# Hisense to Offer Feature-Packed, Affordable 55", 65" Televisions on Amazon.com



## mechman (Feb 8, 2007)

*Hisense to Offer Feature-Packed, Affordable 55", 65" Televisions on Amazon.com*

*Hisense will offer Amazon customers their strongest lineup of WiFi-enabled 3D Smart TVs yet.*

Suwanee, Georgia, January 24, 2013 — Hisense USA, the world’s fifth-largest television manufacturer, today announced the availability of two feature-packed televisions at Amazon.com. Offering a wide array of the latest 3D and Smart TV technologies, these new televisions represent Hisense USA’s boldest foray yet into the US online retail market.

Through Amazon, Hisense will offer two new series of televisions from the recently announced T710 and K560 collections shown at the 2013 International Consumer Electronics Show (CES) held in Las Vegas. The exquisite and innovative T710 heads up the range, offering a Smart TV platform with 3D functionality at 120Hz, with four HDMI connections and two pairs of active shutter glasses to provide a fully immersive 3D experience. At 55 inches in size, the WiFi-enabled T710 beautifully complements any space. The other model being offered to Amazon customers is the stylish 65-inch K560, featuring a remarkably thin 21 mm (0.8 inch) bezel. The K560 also delivers high-end 3D Smart TV functionality, built-in WiFi as well as an industry-leading 240 Hz Vivid Motion panel, making it ideal for fast-paced sports, gaming or movie action. At 65 inches in size, the K560 is the largest Hisense television ever offered in the US. 

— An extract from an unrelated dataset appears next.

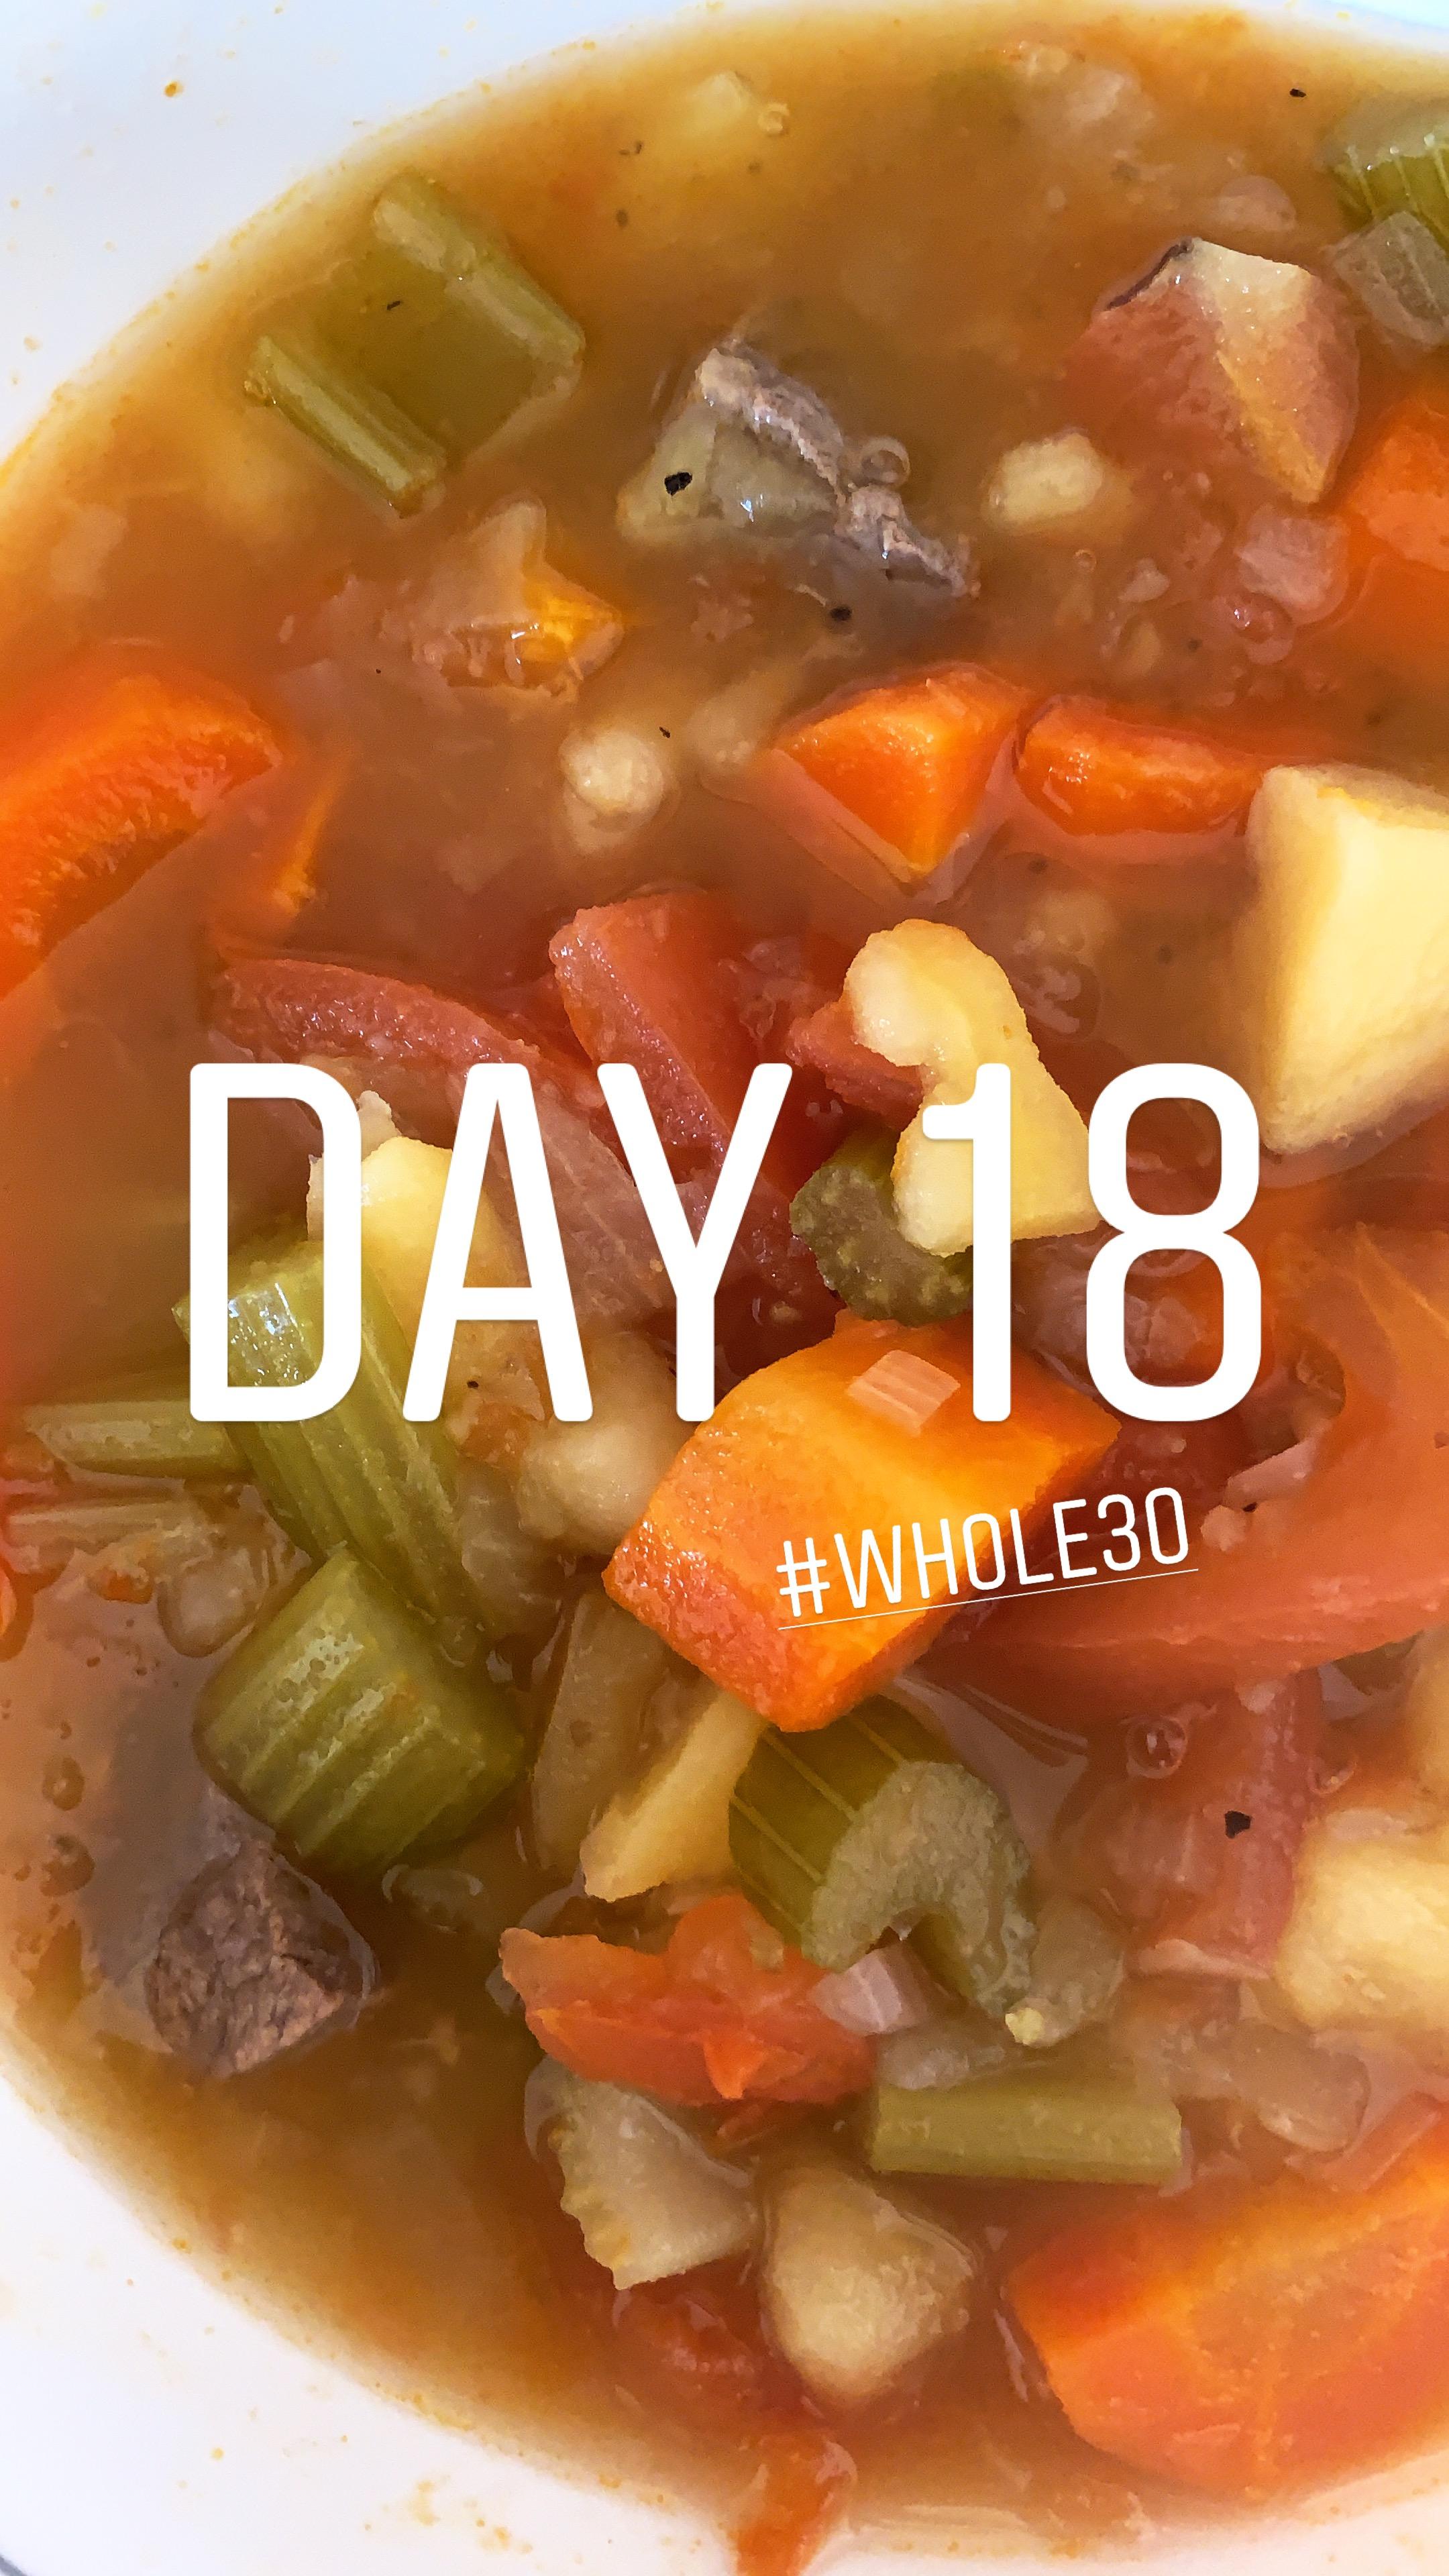 whole30 challenge cynthia chung food lifestyle change0036.JPG

“Amazon redefined the online retail industry and is the go-to shopping site for millions of Americans,” said Peter Erdman, Vice President of Consumer Electronics, Hisense USA. “Having access to such a large customer base for the first time represents an amazing opportunity for Hisense, and we are thrilled to present Amazon customers with the best TVs offered by Hisense anywhere in the world.”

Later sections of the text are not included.